Traffic blackhole might be seen due to a long LSP switchover duration in RSVP-signaled LSP scenario

In RSVP-signaled LSP scenario with LSP bypass path configured, when all interfaces on a transit node along primary LSP are brought down, the LSP might not go down on the ingress node, it will take 3-4 minutes before LSP switchover begins and cause a long traffic blackhole.

The malfunction of core isolation feature in EVPN-VXlan scenarios causes traffic blackhole

In EVPN-VXLAN (Ethernet VPN-Virtual Extensible LAN) multihomed scenarios with active-active mode, LACP (Link Aggregation Control Protocol) for AE (Aggregate Ethernet) bundle is enabled on leaf and spine devices, when the links between one leaf and all spines are brought down, the BGP peering sessions established over the links also go down, with the core isolation feature enabled by default, LACP should set the server-facing interface on that leaf to standby mode, which blocks all traffic from the server.
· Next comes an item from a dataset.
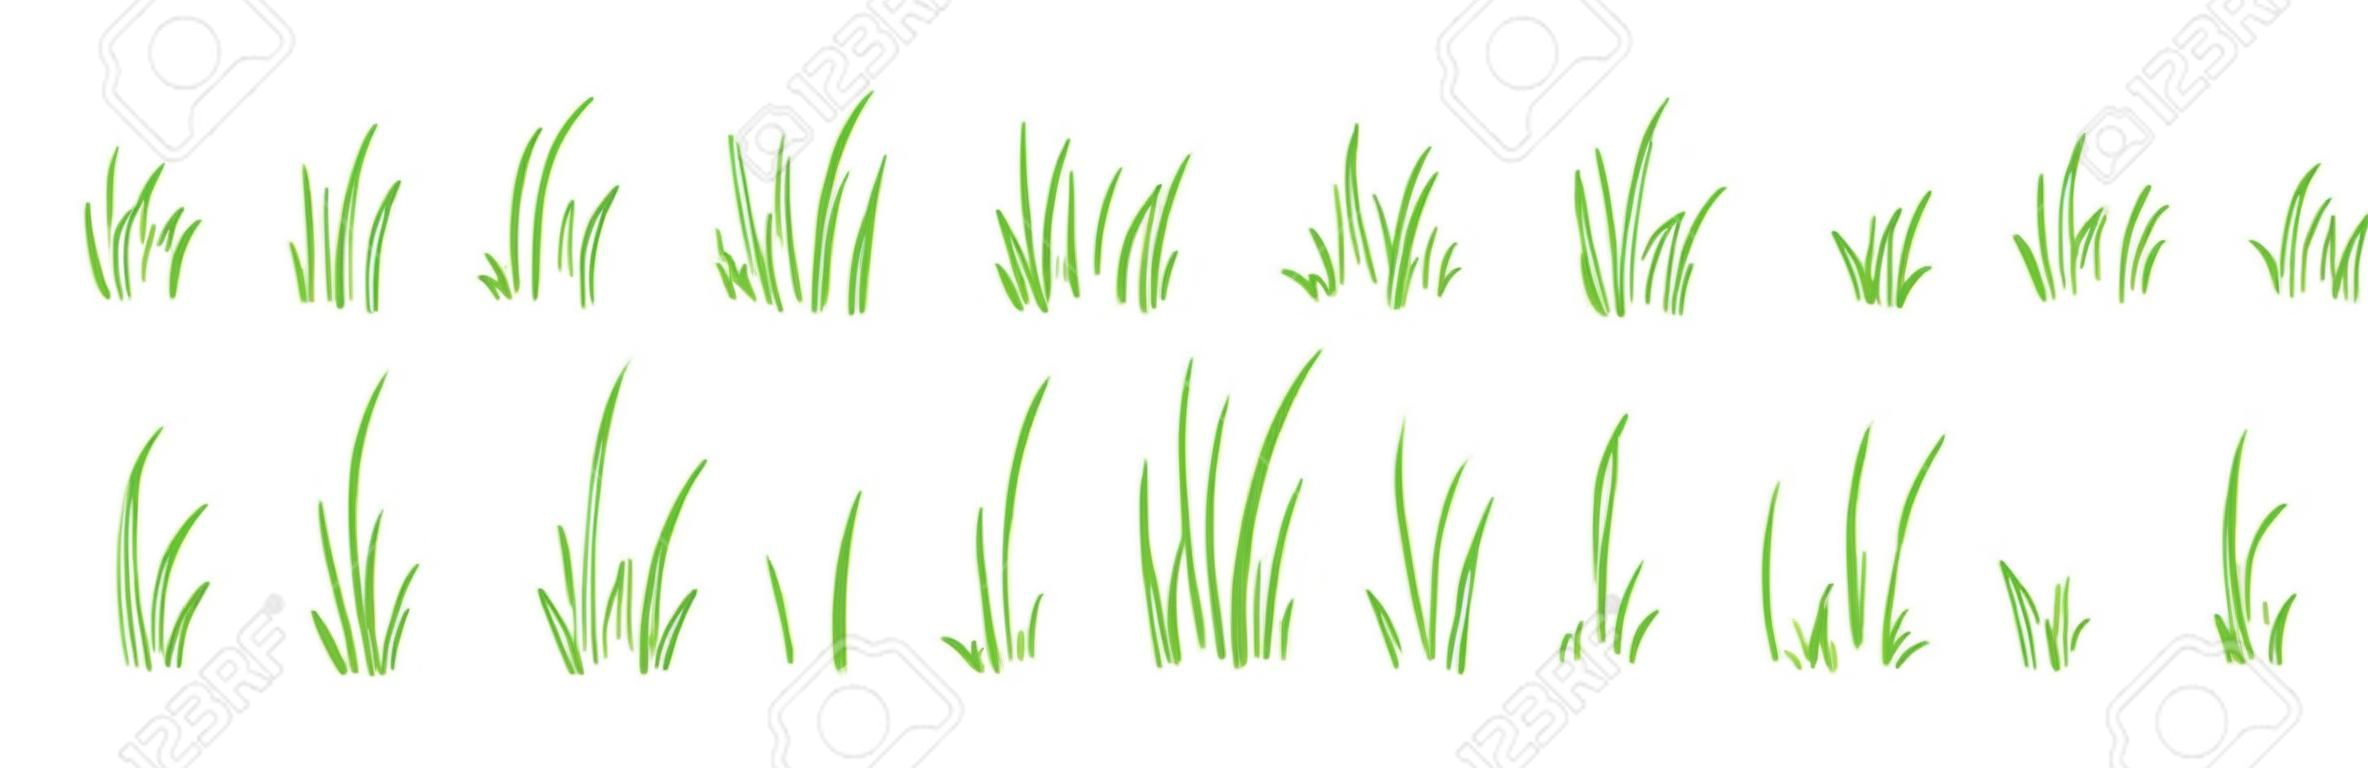 Trawa krzak linii wektor zestaw wyciągnąć rękę, elementy szkicu łąka i krajobraz, trawnik bazgroły, projekt zarys zielonej granicy na białym tle. ilustracja natura

However this feature does not work well with minimum-links configured on AE bundle.

High CPU usage on fxpc process might be seen on ACX5K platform

On ACX5K platform, the fxpc process high CPU usage might be seen under rare condition if parity errors are detected in devices. It has no direct service/traffic impact. However since CPU utilization is high during this issue, there are some side-effects. Eg, it could impact time-sensitive features like BFD.

ARP entry is still pointing to failed VTEP after PE-CE link fails for multihomed remote ESI

In EVPN/VXLAN scenario, if PE-CE link fails for multihomed remote ESI, the ARP entry is still pointing to failed VTEP interface.